DIRECTIONS:
Once you find the line with "右下角有签名的伊索莱尔上的油画", copy it and every line after it through the end of the entries below, exactly as written.

RAW DATA:
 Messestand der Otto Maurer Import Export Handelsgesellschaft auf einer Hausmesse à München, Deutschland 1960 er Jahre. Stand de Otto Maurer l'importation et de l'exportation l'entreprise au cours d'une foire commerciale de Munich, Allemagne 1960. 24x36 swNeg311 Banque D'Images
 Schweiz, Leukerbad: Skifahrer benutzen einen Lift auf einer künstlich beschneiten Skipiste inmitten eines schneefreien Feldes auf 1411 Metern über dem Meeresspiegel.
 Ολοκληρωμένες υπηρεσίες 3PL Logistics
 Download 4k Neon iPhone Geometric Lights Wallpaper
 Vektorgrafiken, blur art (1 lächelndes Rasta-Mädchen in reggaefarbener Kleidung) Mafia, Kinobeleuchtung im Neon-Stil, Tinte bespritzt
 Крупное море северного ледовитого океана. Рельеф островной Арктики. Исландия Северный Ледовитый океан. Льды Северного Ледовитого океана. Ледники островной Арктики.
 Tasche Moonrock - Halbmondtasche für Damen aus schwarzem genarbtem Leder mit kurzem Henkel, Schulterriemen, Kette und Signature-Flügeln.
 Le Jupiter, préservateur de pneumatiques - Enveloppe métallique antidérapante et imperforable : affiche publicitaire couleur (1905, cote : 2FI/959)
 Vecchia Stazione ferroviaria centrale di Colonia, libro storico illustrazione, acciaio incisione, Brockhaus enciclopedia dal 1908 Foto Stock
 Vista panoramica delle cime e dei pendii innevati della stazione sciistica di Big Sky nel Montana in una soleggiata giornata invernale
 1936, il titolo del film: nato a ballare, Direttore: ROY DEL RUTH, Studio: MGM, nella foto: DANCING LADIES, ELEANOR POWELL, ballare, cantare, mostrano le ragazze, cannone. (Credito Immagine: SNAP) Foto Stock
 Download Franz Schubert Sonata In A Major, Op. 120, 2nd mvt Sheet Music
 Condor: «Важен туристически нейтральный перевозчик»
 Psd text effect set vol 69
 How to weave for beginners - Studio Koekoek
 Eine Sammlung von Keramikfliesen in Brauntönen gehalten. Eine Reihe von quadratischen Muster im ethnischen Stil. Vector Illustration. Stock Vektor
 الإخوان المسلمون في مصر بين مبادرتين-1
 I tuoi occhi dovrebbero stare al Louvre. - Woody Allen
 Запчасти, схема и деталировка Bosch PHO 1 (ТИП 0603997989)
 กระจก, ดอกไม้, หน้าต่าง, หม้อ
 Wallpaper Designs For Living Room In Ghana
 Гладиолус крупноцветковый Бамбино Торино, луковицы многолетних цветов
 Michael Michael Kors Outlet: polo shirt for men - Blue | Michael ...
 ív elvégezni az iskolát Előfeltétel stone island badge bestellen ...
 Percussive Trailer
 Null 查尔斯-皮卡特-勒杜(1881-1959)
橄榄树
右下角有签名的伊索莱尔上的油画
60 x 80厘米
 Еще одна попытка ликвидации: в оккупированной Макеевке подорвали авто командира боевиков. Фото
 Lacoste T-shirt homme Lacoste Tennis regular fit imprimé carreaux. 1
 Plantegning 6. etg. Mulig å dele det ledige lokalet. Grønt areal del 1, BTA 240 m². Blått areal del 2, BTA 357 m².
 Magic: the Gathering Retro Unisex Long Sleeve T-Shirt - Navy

EXERCISE RESPONSE:
右下角有签名的伊索莱尔上的油画
60 x 80厘米
 Еще одна попытка ликвидации: в оккупированной Макеевке подорвали авто командира боевиков. Фото
 Lacoste T-shirt homme Lacoste Tennis regular fit imprimé carreaux. 1
 Plantegning 6. etg. Mulig å dele det ledige lokalet. Grønt areal del 1, BTA 240 m². Blått areal del 2, BTA 357 m².
 Magic: the Gathering Retro Unisex Long Sleeve T-Shirt - Navy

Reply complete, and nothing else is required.